• [SOURCE MATERIAL]
Content starts

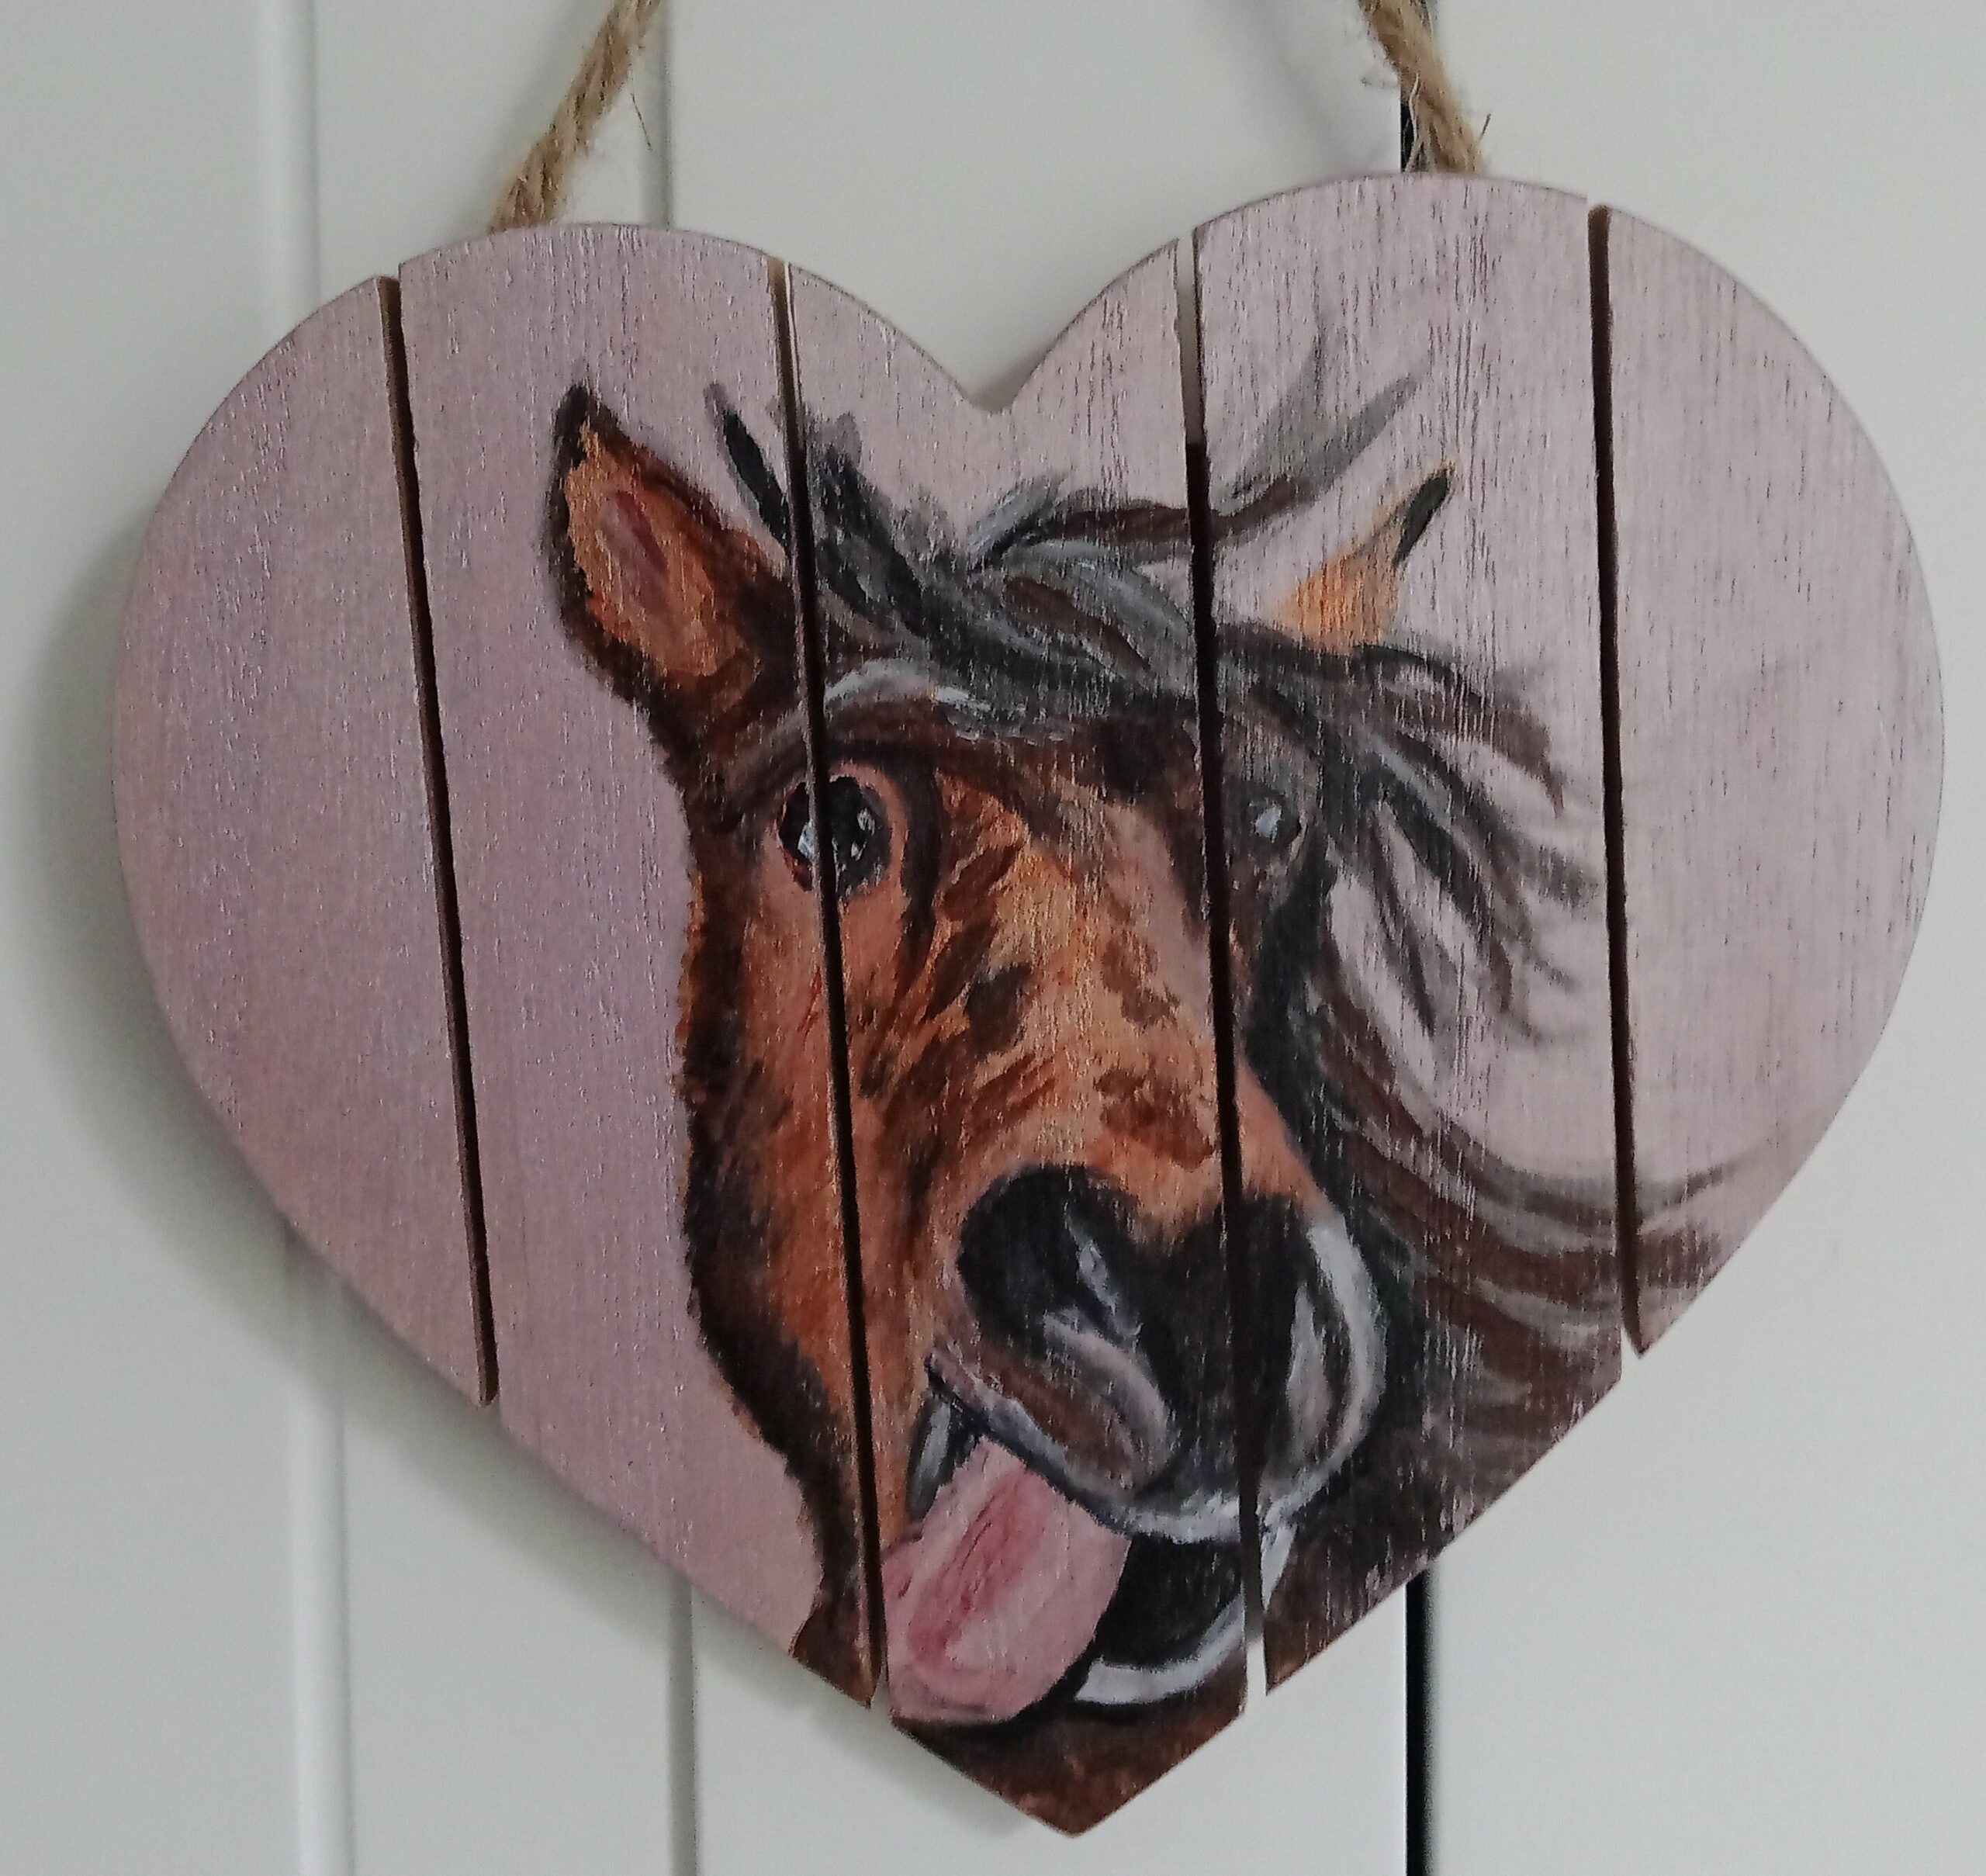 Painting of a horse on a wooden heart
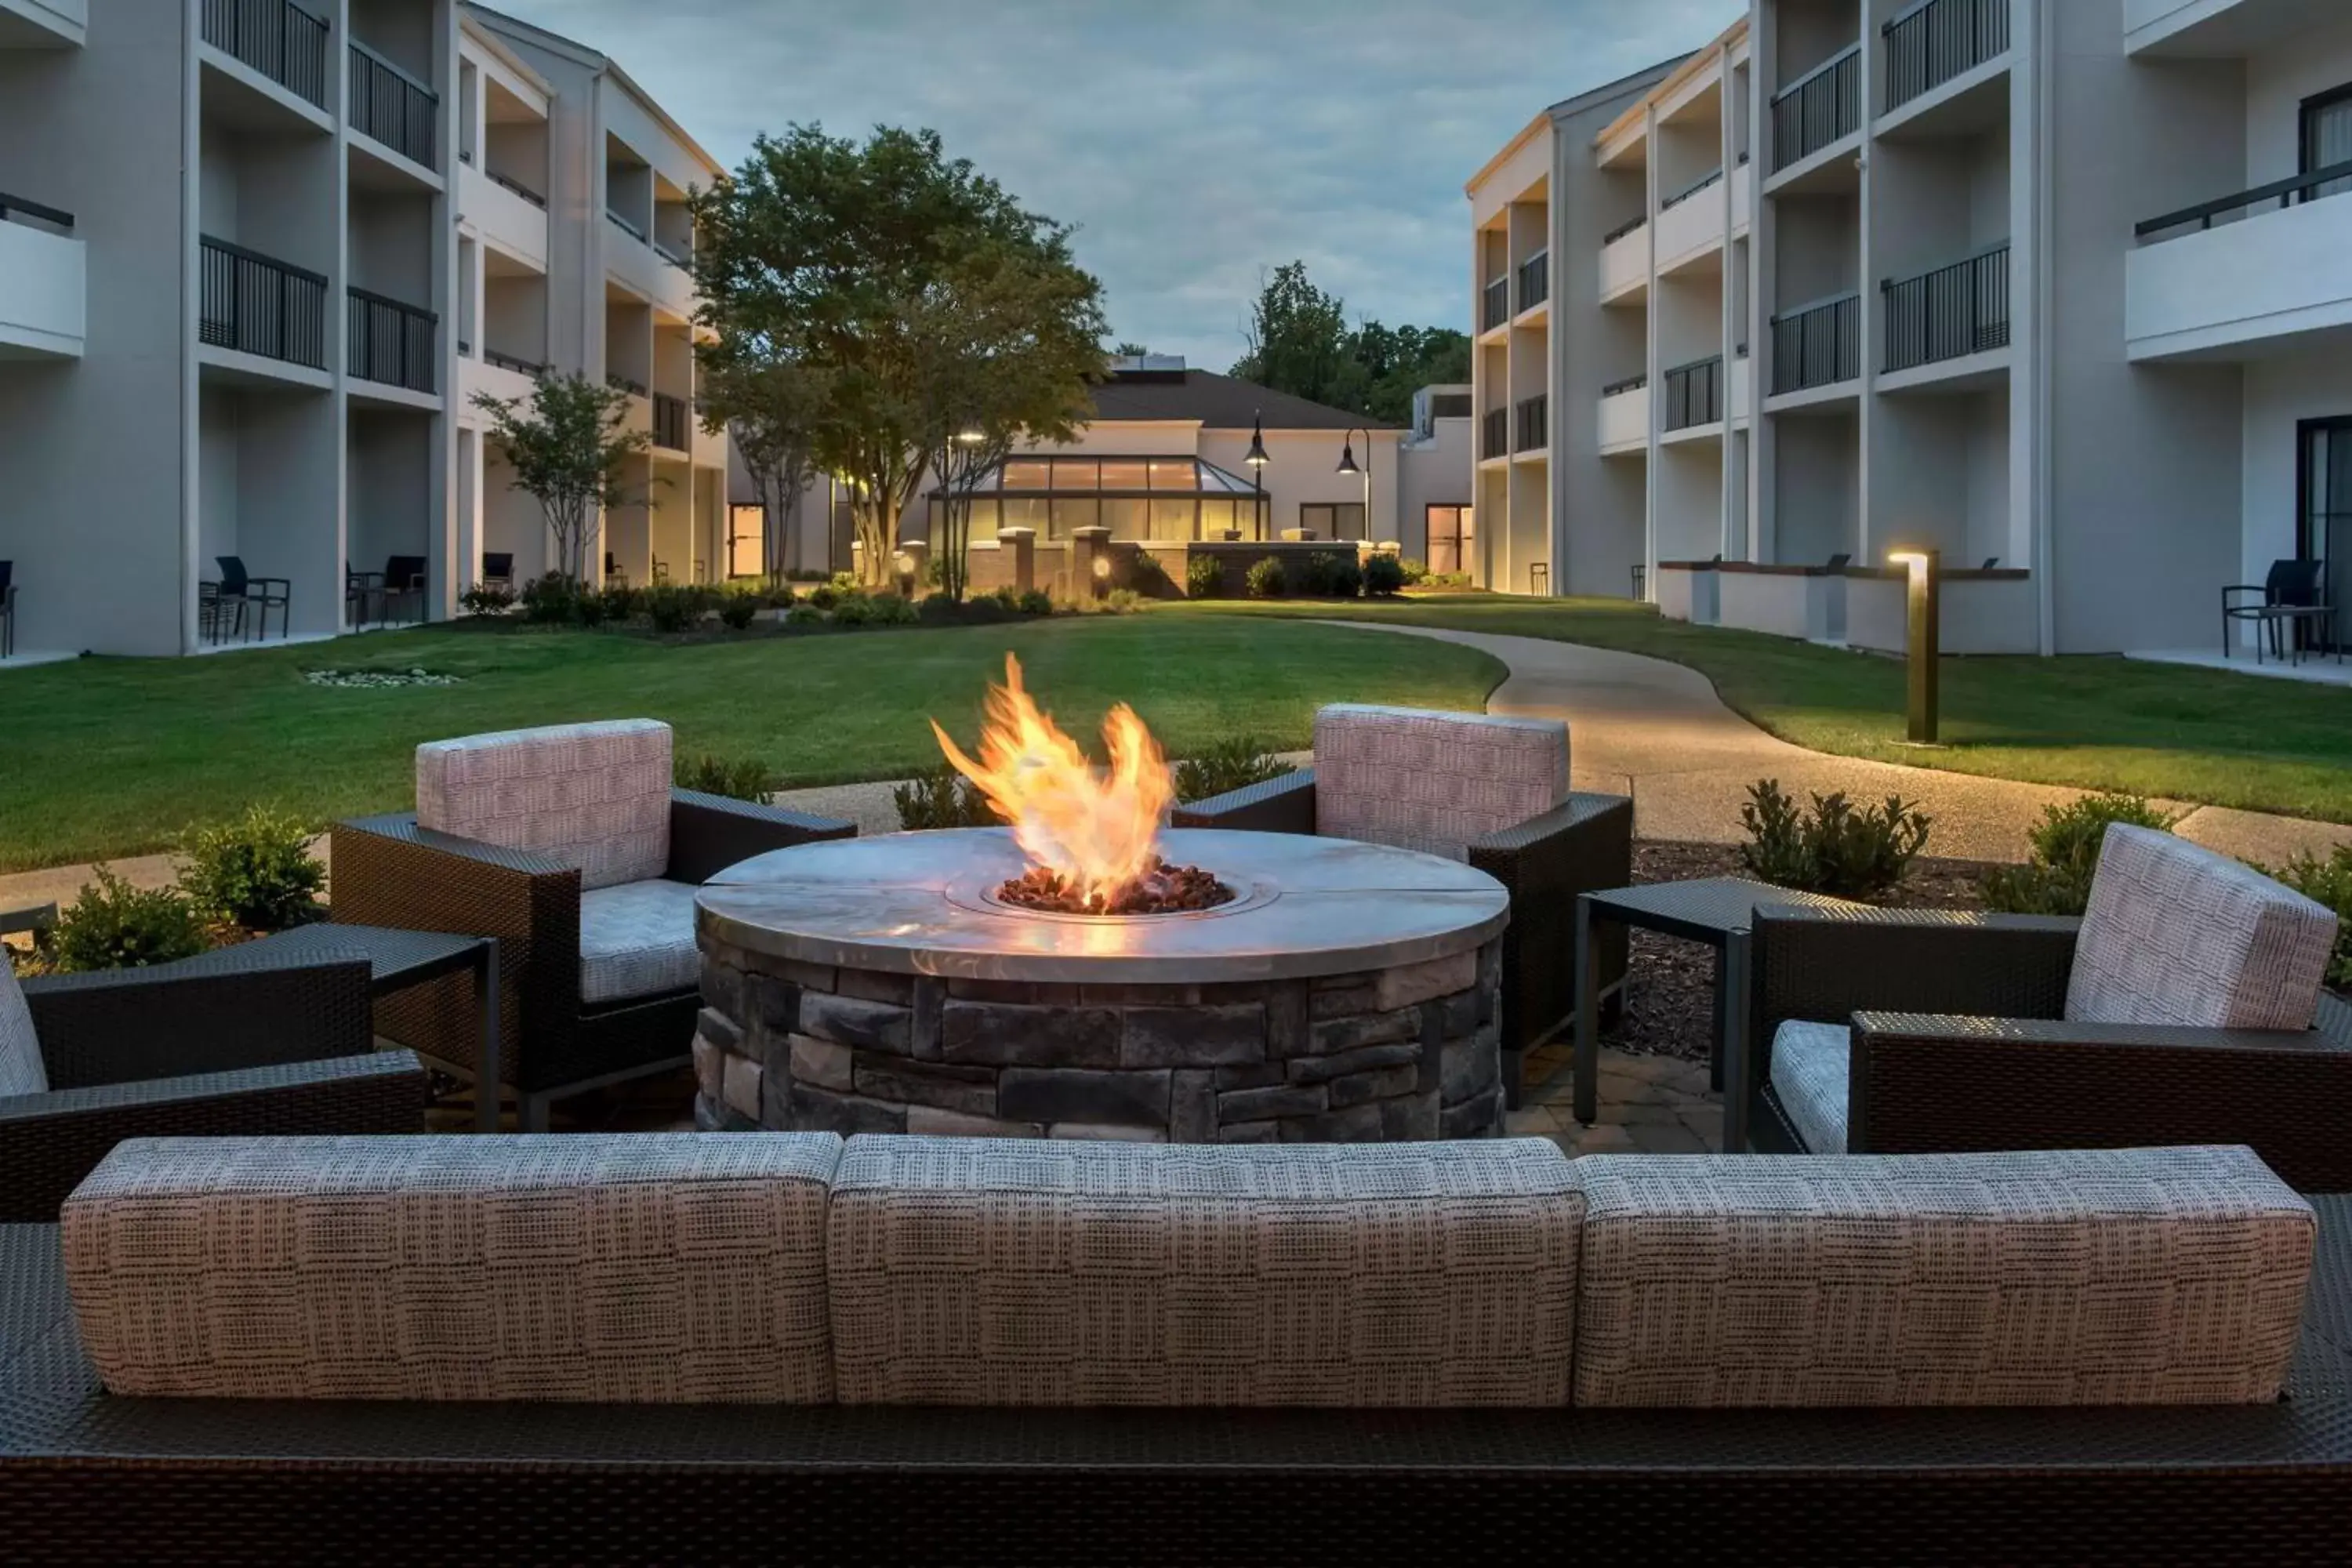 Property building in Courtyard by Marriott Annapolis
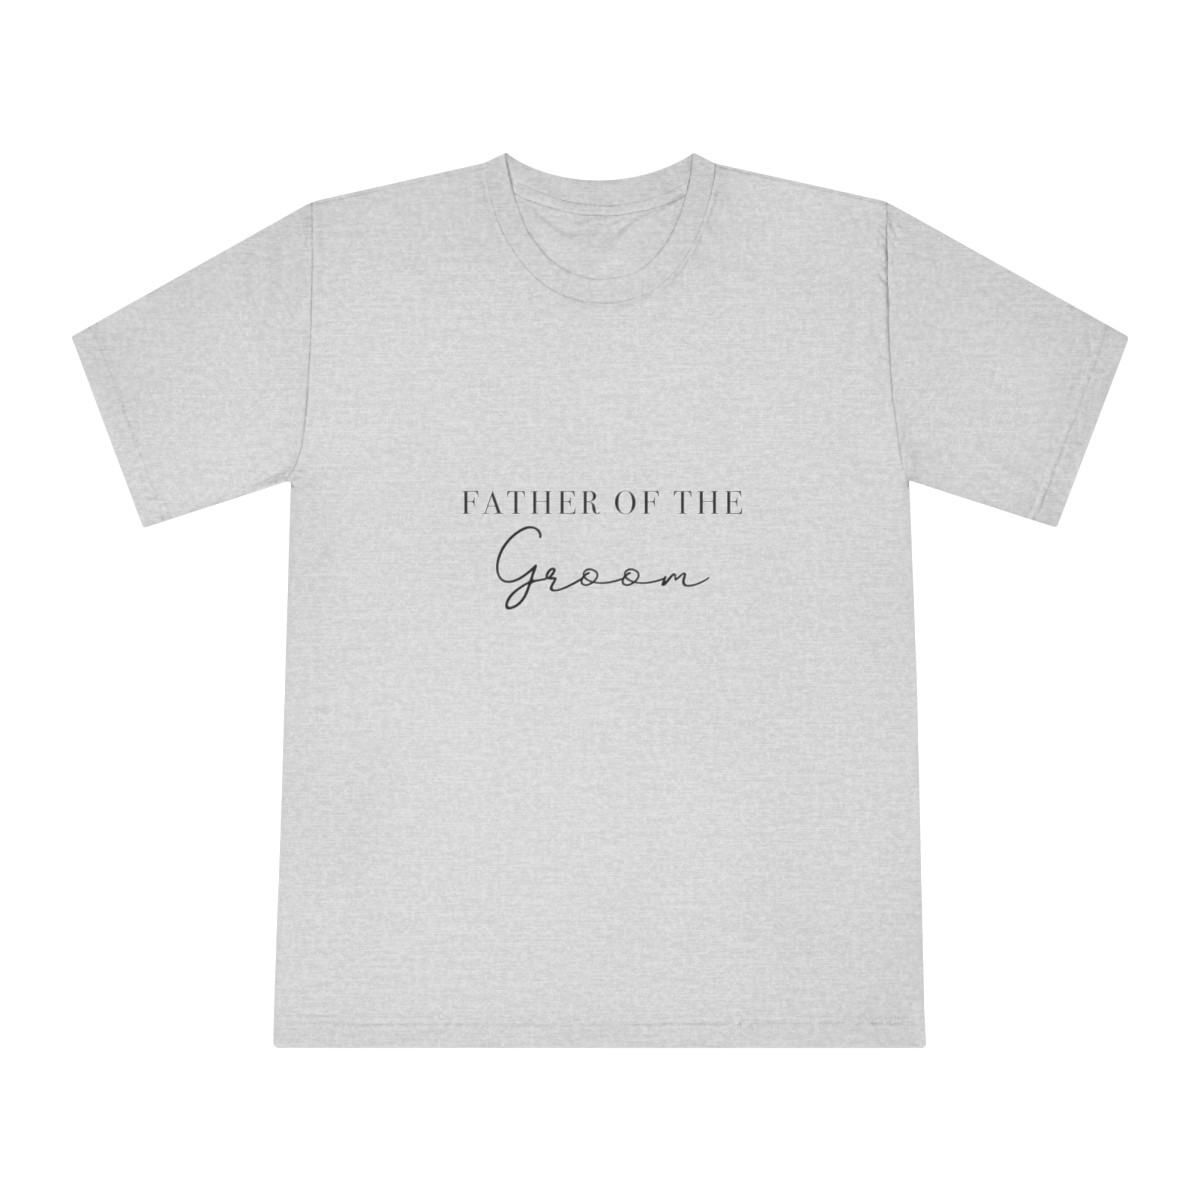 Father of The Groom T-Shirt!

Content ends

• [YOUR TASK]
Leaving the pictures aside, copy exactly and only the lines from the one holding "Property building in" through the final line of the data, both ends kept.

• [SOLUTION FOR THIS EXERCISE]
 Property building in Courtyard by Marriott Annapolis
 Father of The Groom T-Shirt!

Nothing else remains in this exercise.